Question

A solution with respect to $A{g^ + },C{a^{2 + }},M{g^{2 + }}and$$A{l^{3 + }}$which will precipitate at lowest concentration of $[PO_4^{3 - }]$ when solution of $N{a_3}P{O_4}$ is added?
A. $A{g_3}P{O_4}({K_{sp}} = 1 \times {10^{ - 6}})$
B. $C{a_3}{(P{O_4})_2}({K_{sp}} = 1 \times {10^{ - 33}})$
C. $M{g_2}{(P{O_4})_2}({K_{sp}} = 1 \times {10^{ - 24}})$
D. $AlP{O_4}({K_{sp}} = 1 \times {10^{ - 20}})$

Answer 1

Hint: The solubility product constant is the equilibrium constant for the dissolution of a solid substance into aqueous solution. It is denoted by the symbol ${K_{sp}}$.

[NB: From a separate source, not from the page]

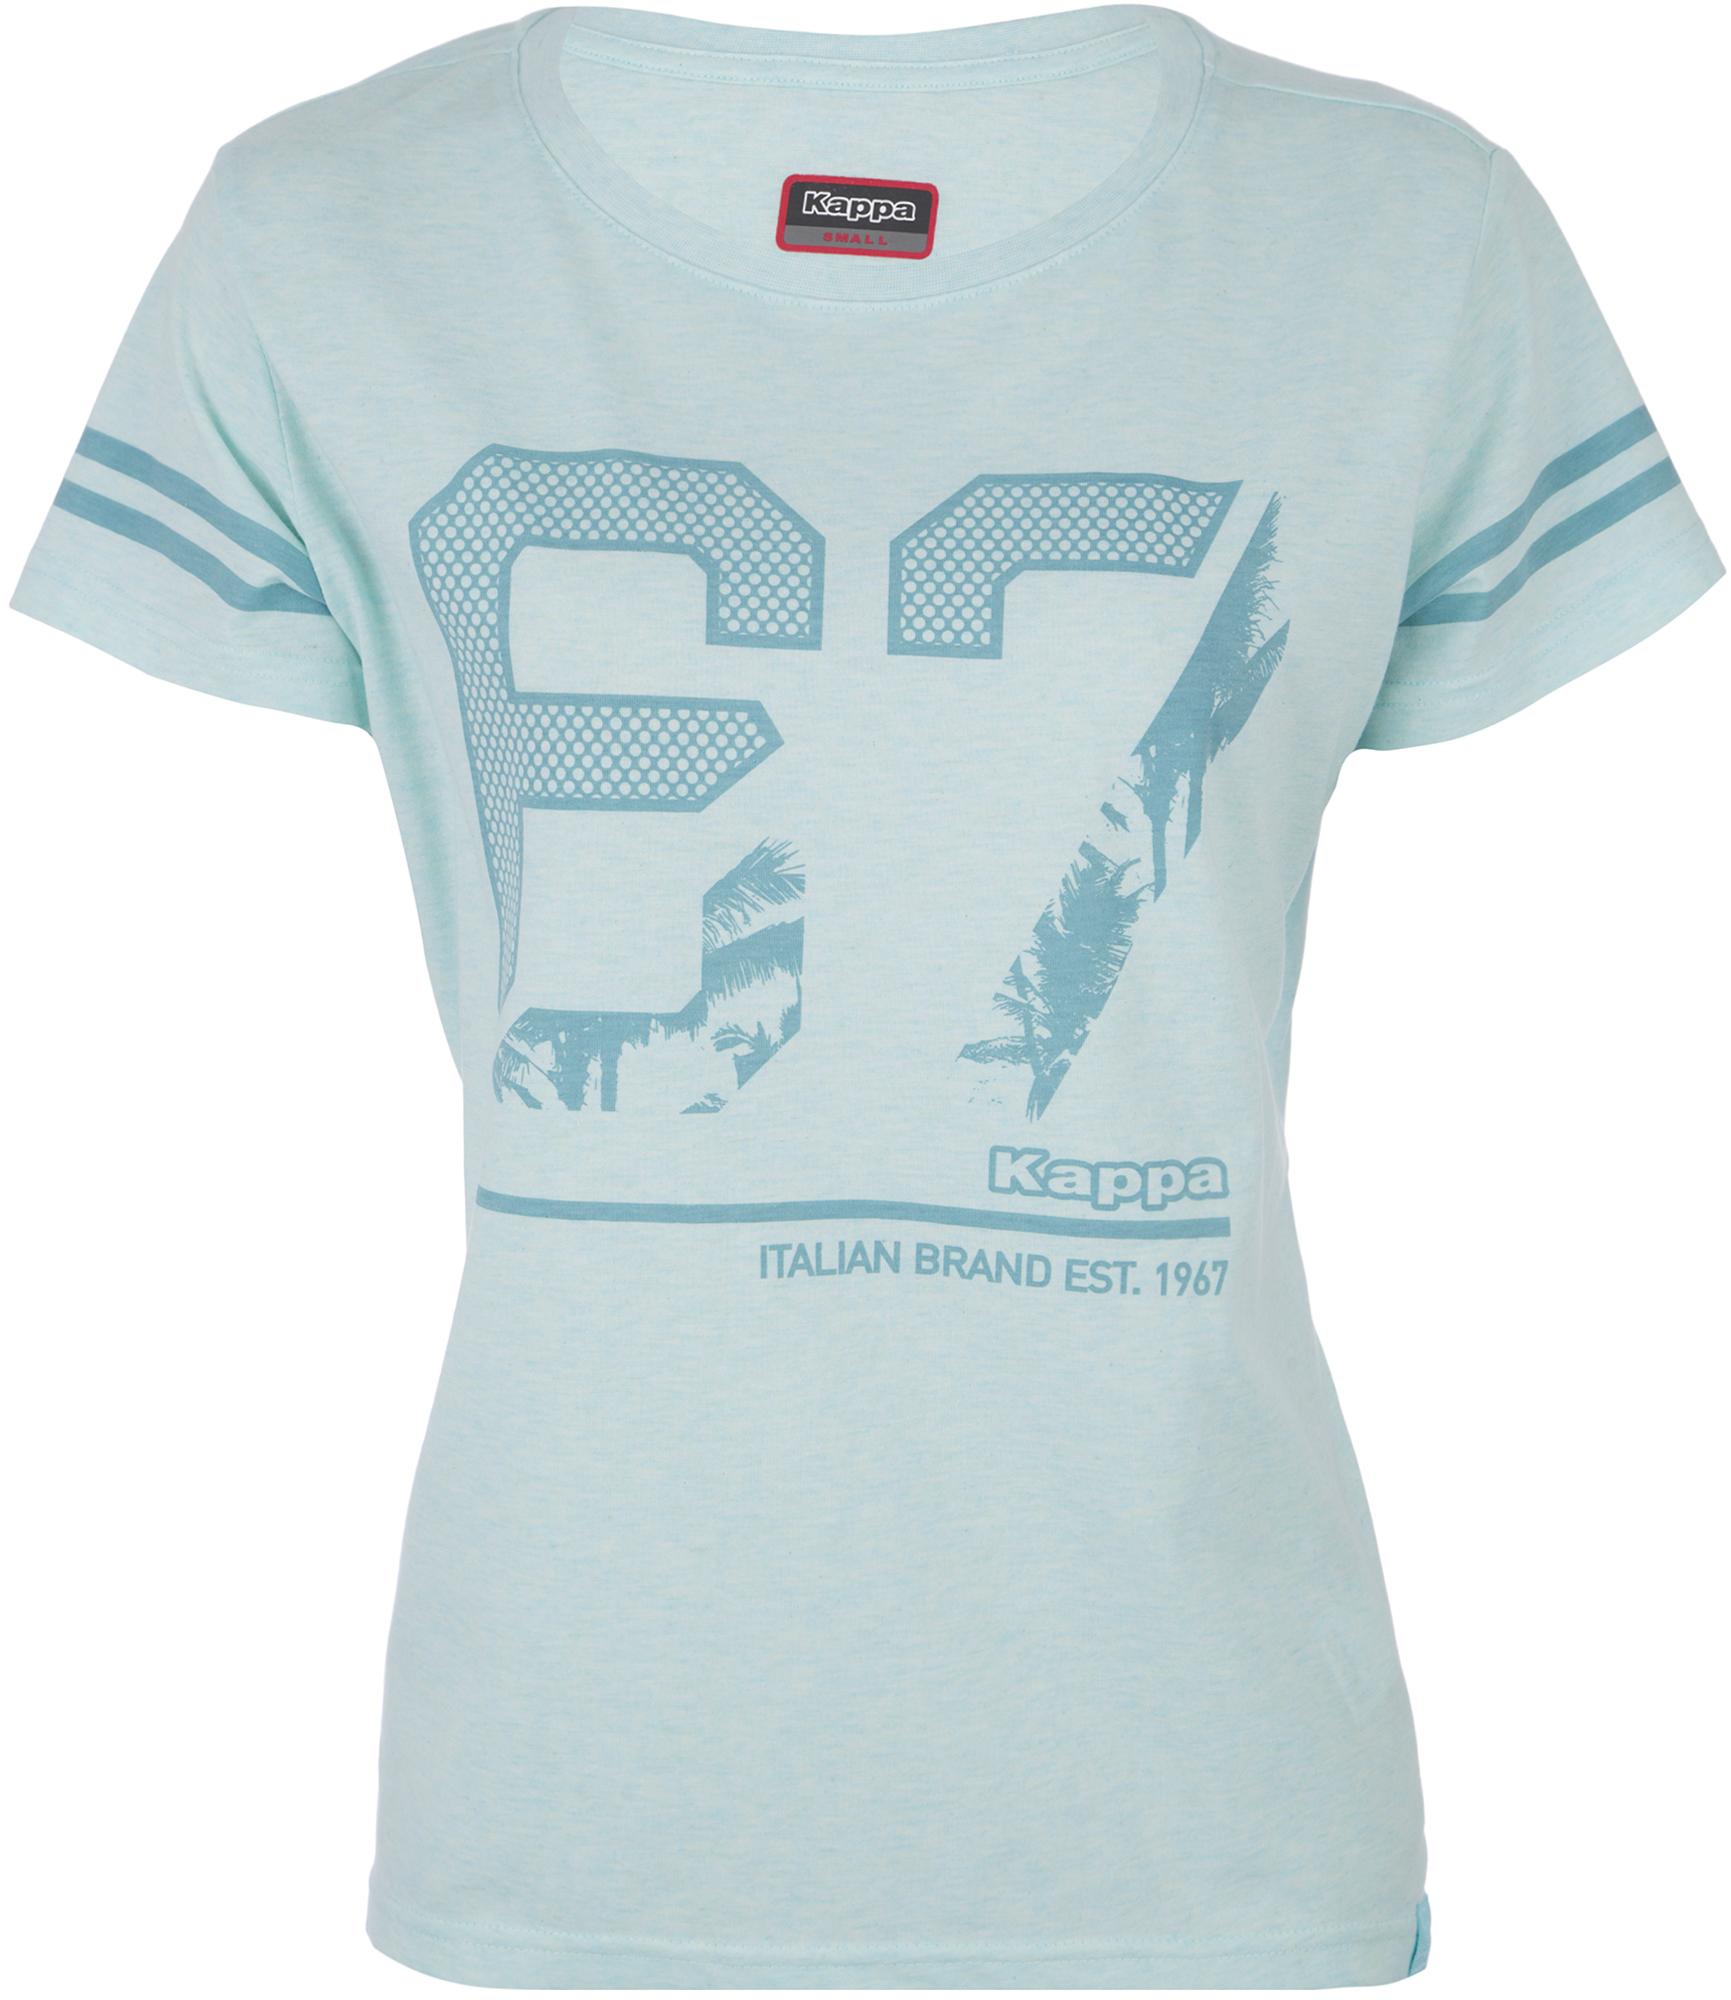 футболка женская oodji ultra цвет бежево розовый 14701005 7b 46147 4b00n размер s 44 Kappa Футболка женская Kappa, размер 44

Complete step by step answer: As we know, the solubility product is a kind of equilibrium constant and its value depends on temperature.
     \[{K_{sp}}\]
 usually increases with an increase in temperature due to increase in solubility.
We need to remove that
When, solubility is >0.1 M, then it is soluble salt
1.02 M < solubility < 0.1M ,slightly soluble
Solubility <0.1M , sparingly soluble
Now the question is asking for precipitation at lowest concentration.
So we need to solve all options one by one and then the option with the least concentration of $PO_4^{3 - }$ will be our answer.
- $A{g_3}P{O_4}(ksp = 1*{10^{ - 6}})$

Therefore, ${K_{sp}}$ = ${[A{g^ + }]^3}[PO_4^{3 - }]$
                  $[PO_4^{3 - }]$= $\dfrac{{{k_{sp}}}}{{{{\left[ {A{g^ + }} \right]}^3}}}$=$\tfrac{{1 \times {{10}^{ - 6}}}}{{{{(0.1)}^3}}}$=${10^{ - 3}}$M
- $C{a_3}{(P{O_4})_2}$ $\left( {{k_{sp}} = 1 \times {{10}^{ - 33}}} \right)$
$C{a_3}{(P{O_4})_2} \rightleftharpoons 3C{a^{ + 2}} + 2PO_4^{3 - }$
Therefore, ${k_{sp}} = {[C{a^{2 + }}]^3}{[PO_4^{3 - }]^2}$
$\left[ {PO_4^{3 - }} \right] = {\left( {\dfrac{{{k_{sp}}}}{{{{[C{a^{2 + }}]}^3}}}} \right)^{\dfrac{1}{2}}} = {\left( {\dfrac{{{{10}^{ - 33}}}}{{{{(0.1)}^3}}}} \right)^{\dfrac{1}{2}}} = {10^{ - 15}}M$
- $M{g_3}{(P{O_4})_2}$ $\left( {{K_{sp}} = 1 \times {{10}^{ - 24}}} \right)$
$M{g_3}{(P{O_4})_2} \rightleftharpoons 3M{g^{2 + }} + 2PO_4^{3 - }$
Therefore, ${K_{sp}} = {[M{g^{2 + }}]^3}{[PO_4^{3 - }]^2}$
$[PO_4^{3 - }] = {\left( {\dfrac{{{K_{sp}}}}{{{{[M{g^{2 + }}]}^3}}}} \right)^{\dfrac{1}{2}}} = {\left( {\dfrac{{1 \times {{10}^{ - 24}}}}{{{{(0.1)}^3}}}} \right)^{\dfrac{1}{2}}} = {10^{ - 10.5}}M$
- $AlP{O_4}$ $\left( {{K_{sp}} = 1 \times {{10}^{ - 20}}} \right)$
$AlP{O_4} \rightleftharpoons A{l^{3 + }} + PO_4^{3 - }$
Therefore, ${K_{sp}} = [A{l^{3 + }}][PO_4^{3 - }]$
$[PO_4^{3 - }] = \dfrac{{{K_{sp}}}}{{[A{l^{3 + }}]}} = \dfrac{{{{10}^{ - 20}}}}{{0.1}} = {10^{ - 19}}M$
Since, we see that the lowest concentration of $PO_4^{3 - }$ needed for $AlP{O_4}$to precipitate, $AlP{O_4}$will precipitate at lowest concentration. Therefore, the correct answer is $AlP{O_4}$ i.e. option D.

So, the correct answer is “Option D”.

Note: It is important to note that reaction quotient (Q) can be used to determine whether precipitate will form with given concentration of ions.
If Q<${K_{sp}}$, no precipitate will form.
If, Q>${K_{sp}}$, a precipitate will form.
If, Q=${K_{sp}}$, a precipitate just started to form.